Nada tiene que ver tampoco con el optimismo evangélico la resignada actitud estoica, según la cual conviene estar dispuesto a la adversidad para no sufrir desengaños, ya que el sufrimiento vendrá en todo caso y lo pasan peor los que contra él se rebelan.
Otros, de corte budista, piensan que todo está en anular la esperanza de felicidad, o que la felicidad propiamente consistiría en no tener deseos, para así acabar de raíz con la posibilidad del desengaño y de buena parte de los sufrimientos.
El hecho innegable es que hay sufrimiento y que parece conveniente mitigarlo en uno mismo y en los demás, siempre que hacerlo no vaya contra el propio hombre, contra la dignidad de su vida. Pero aceptando al hombre como hombre que sufre, que sufrirá necesariamente, es fácil reconocer que lo que debe soportar puede ser ocasión de virtud y de desarrollo personal, de ejemplo estimulante para los demás y, a veces, es una ayuda directa para otros.

3. Amar al que sufre
Nuestra condición de seres inteligentes y sociales, y con capacidad de querer, nos impulsa casi espontaneamente a ayudar a los necesitados. Se tratará de una ayuda humana, que implica a las personas del que da y del que recibe en cuanto tales. No puede tratarse de una asistencia meramente técnica, como si fuéramos vehículos reparables, pues tampoco el que ayuda se limita a aplicar mecánicamente unas "rutinas" previstas. Entre personas el necesitado es una ocasión de amor.
Por esto no se tratará de agradar siempre, de hacer lo que el otro pide, ni de suprimir a toda costa el dolor, sino de ayudarle verdaderamente buscando su bien, algunas veces incluso produciéndole más dolor: "quien bien te quiere, te hará llorar", hay que decir, con el refrán, y hacer no pocas veces. Y, en ocasiones, es necesario mantener el sufrimiento -quizá sólo temporalmente- como lo más conveniente para la persona.
Todo lo cual nos lleva a reconocer una vez más la hondura del problema del sufrimiento, que reclama ser resuelto en su misma raíz. Esto es, que ayudar al que sufre no es sólo resolver lo que le preocupa, que en ocasiones no tiene solución.

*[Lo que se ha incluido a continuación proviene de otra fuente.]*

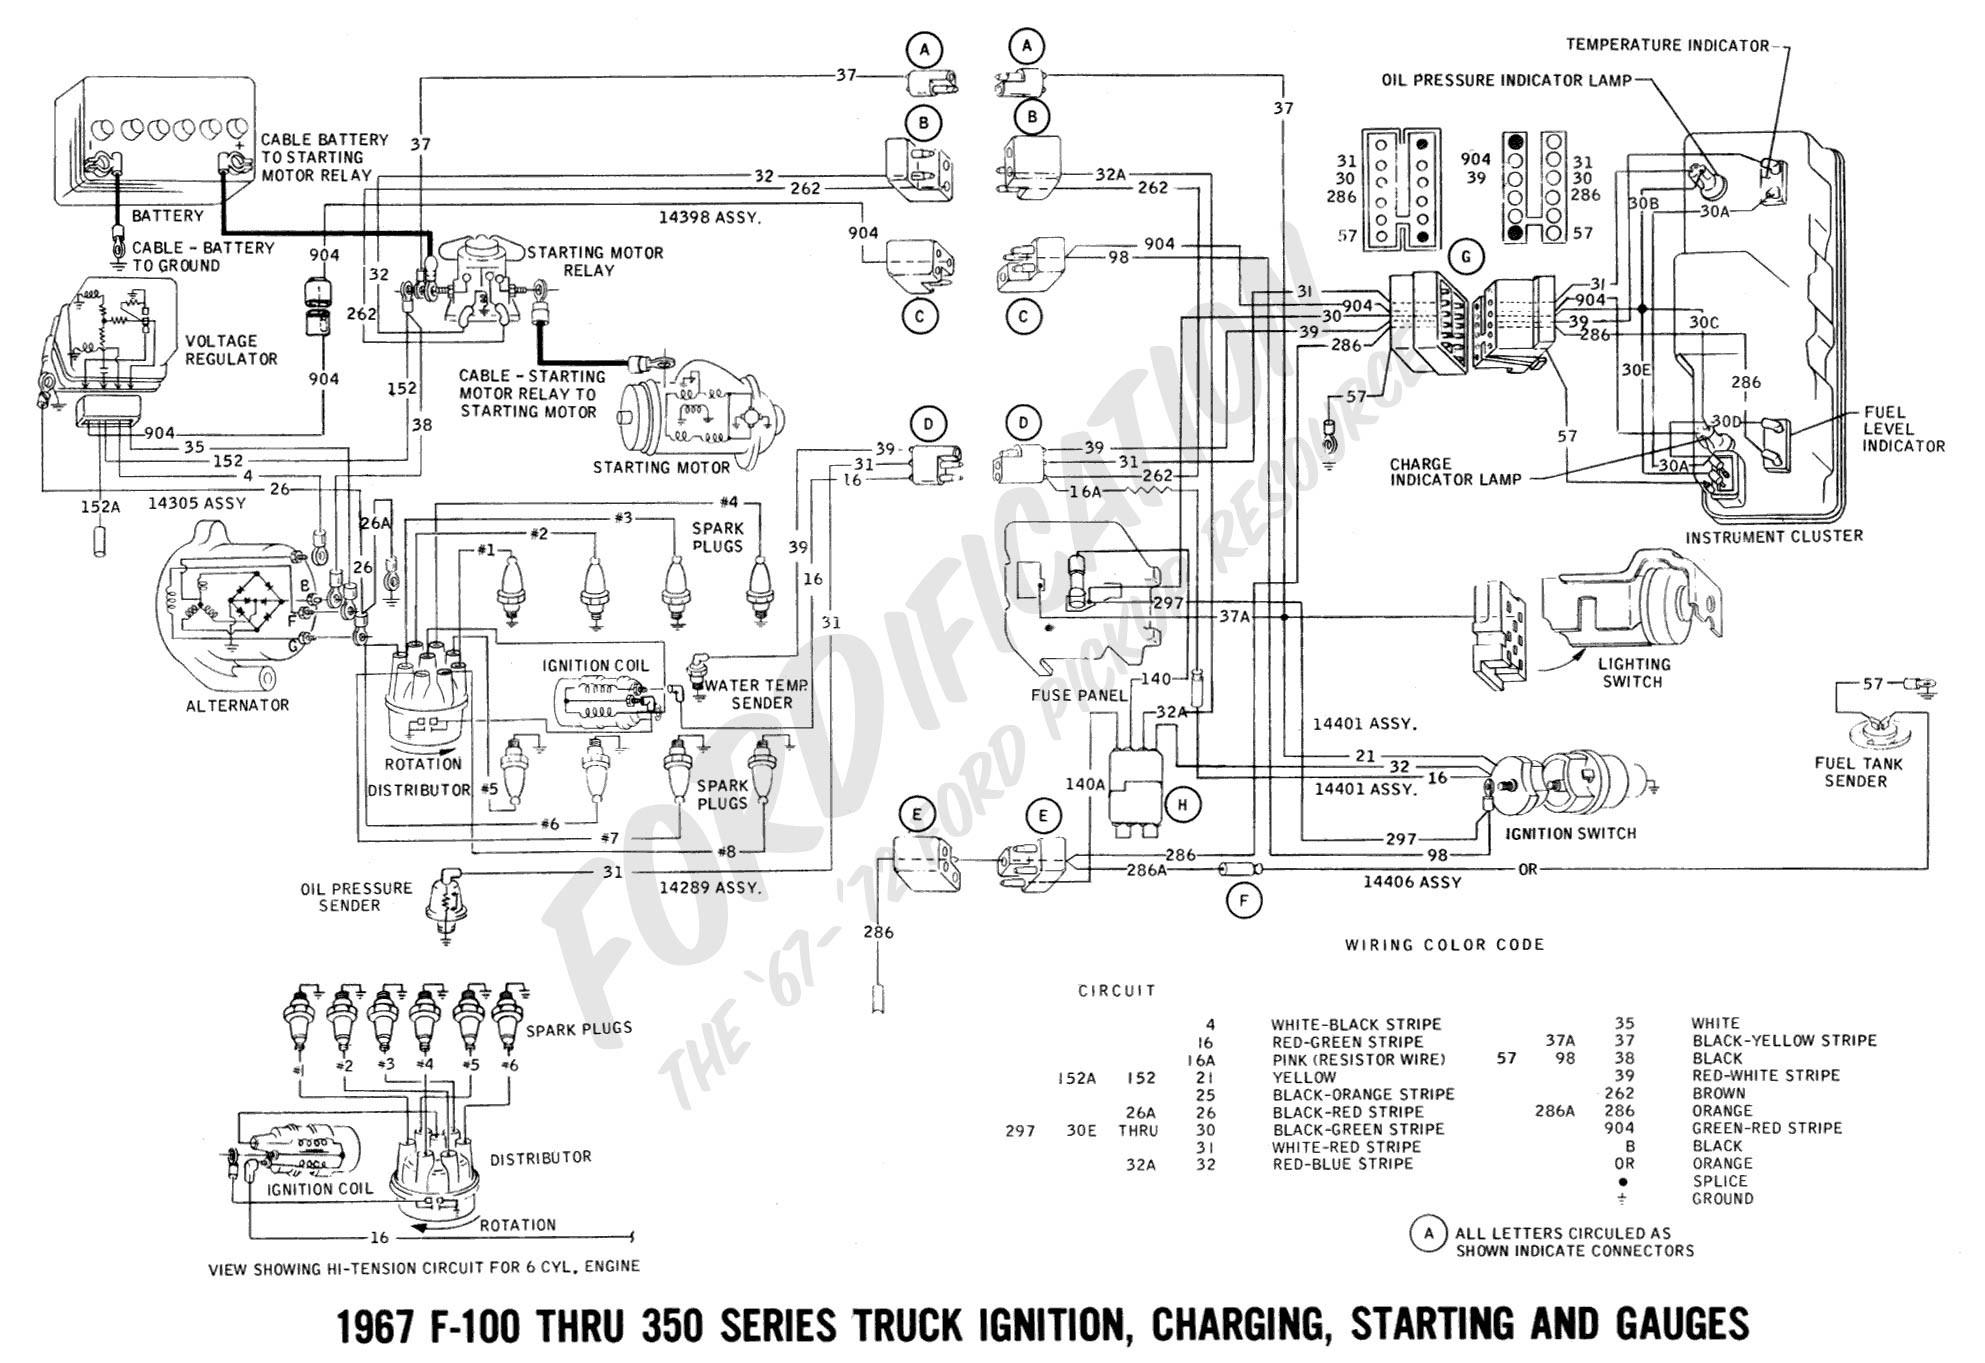 Engine Start button Wiring Diagram ford Ignition Switch Wiring Diagram F350 Battery Wiring Diagram Of Engine Start button Wiring Diagram

Si es posible convendrá suprimir el dolor o al menos mitigarlo, pero en cualquier caso sólo resuelve el problema del sufrimiento quien enseña a sufrir, quien ayuda a descubrir el sentido valioso que tiene el dolor humano.

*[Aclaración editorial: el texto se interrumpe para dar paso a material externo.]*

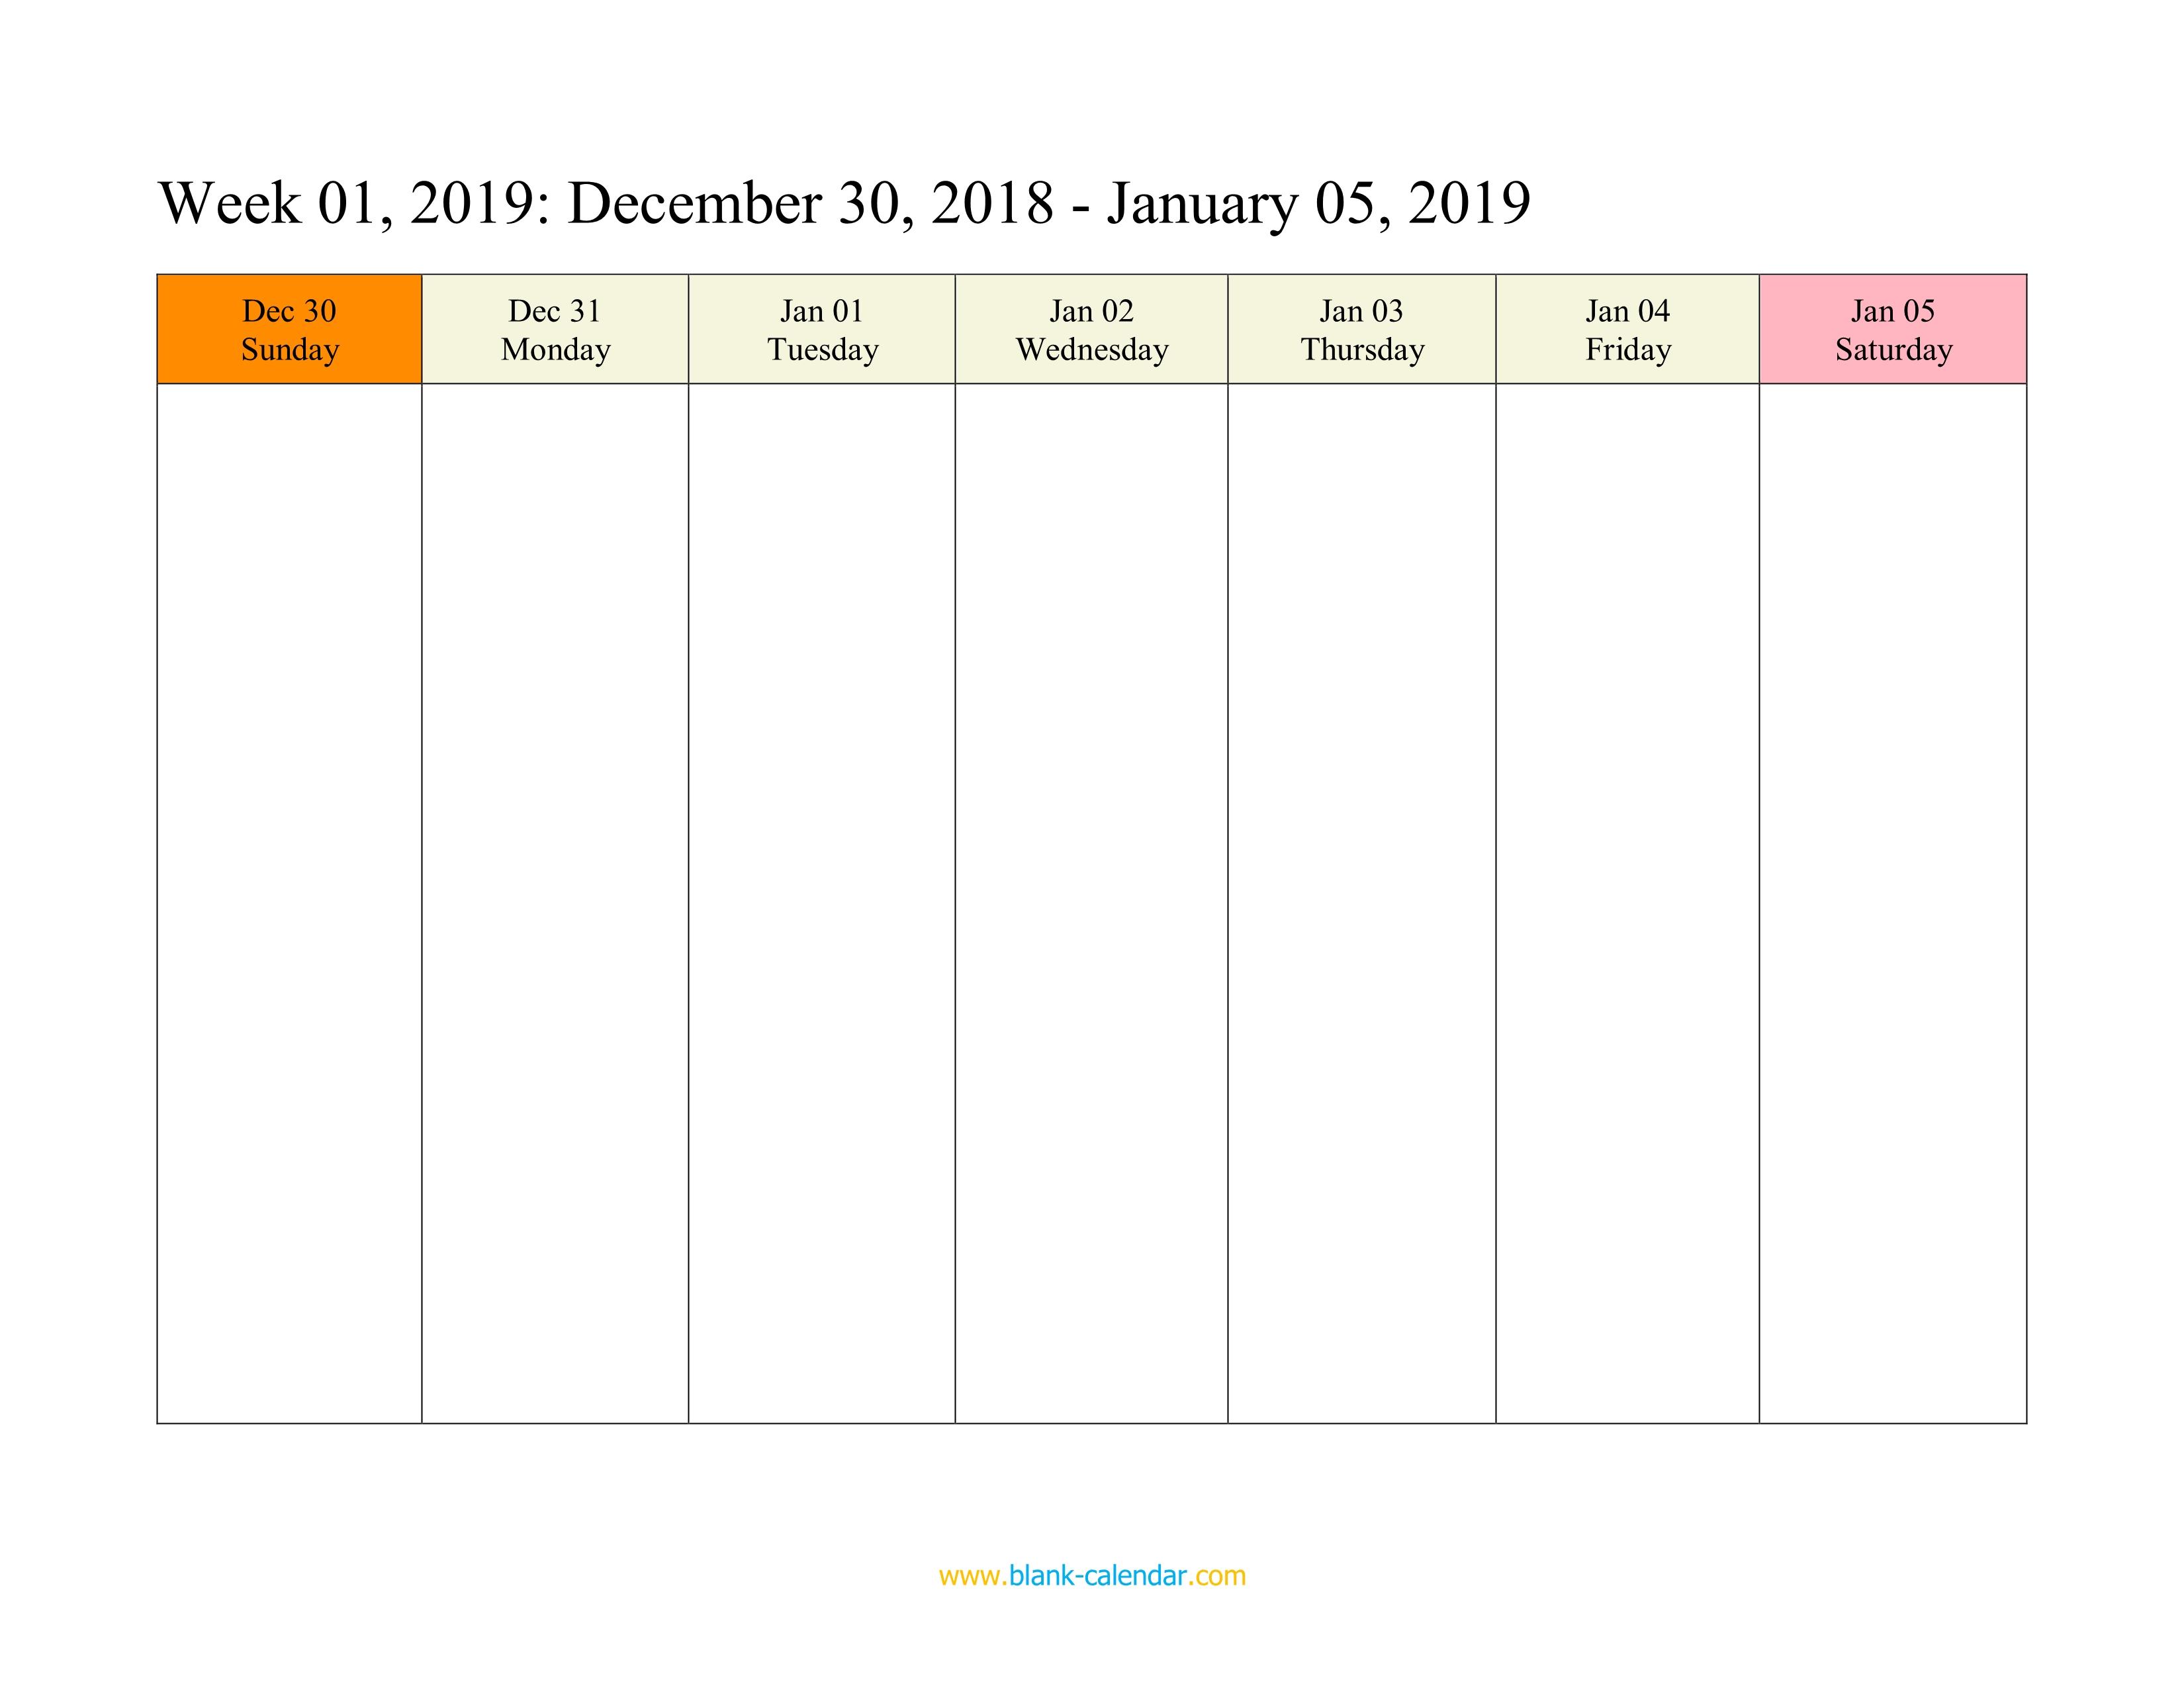 Weekly Calendar 2019 (Word, Excel, Pdf) with One Week Blank Calendar Printable

La eficacia técnica y el amor por la persona se reclaman mutuamente para ayudar al que sufre: "el buen médico ha sido siempre amigo del enfermo" (P. Laín Entralgo, La relación médico-enfermo. Cfr. del mismo autor, Antropología médica). El interés por la persona condiciona toda ulterior relación. Concretamente, entre el enfermo y el médico, asegurado el interés, "lo que se exige a este último en segundo lugar es el acto médico, es decir, la lucha contra la enfermedad: esta lucha tiene la forma de la acción de ayuda científica y técnicamente entrenada" (R. Yepes. Los límites del hombre: el dolor), sin que sea suficiente para una correcta atención una presunta buena voluntad carente por otra parte de la eficacia debida.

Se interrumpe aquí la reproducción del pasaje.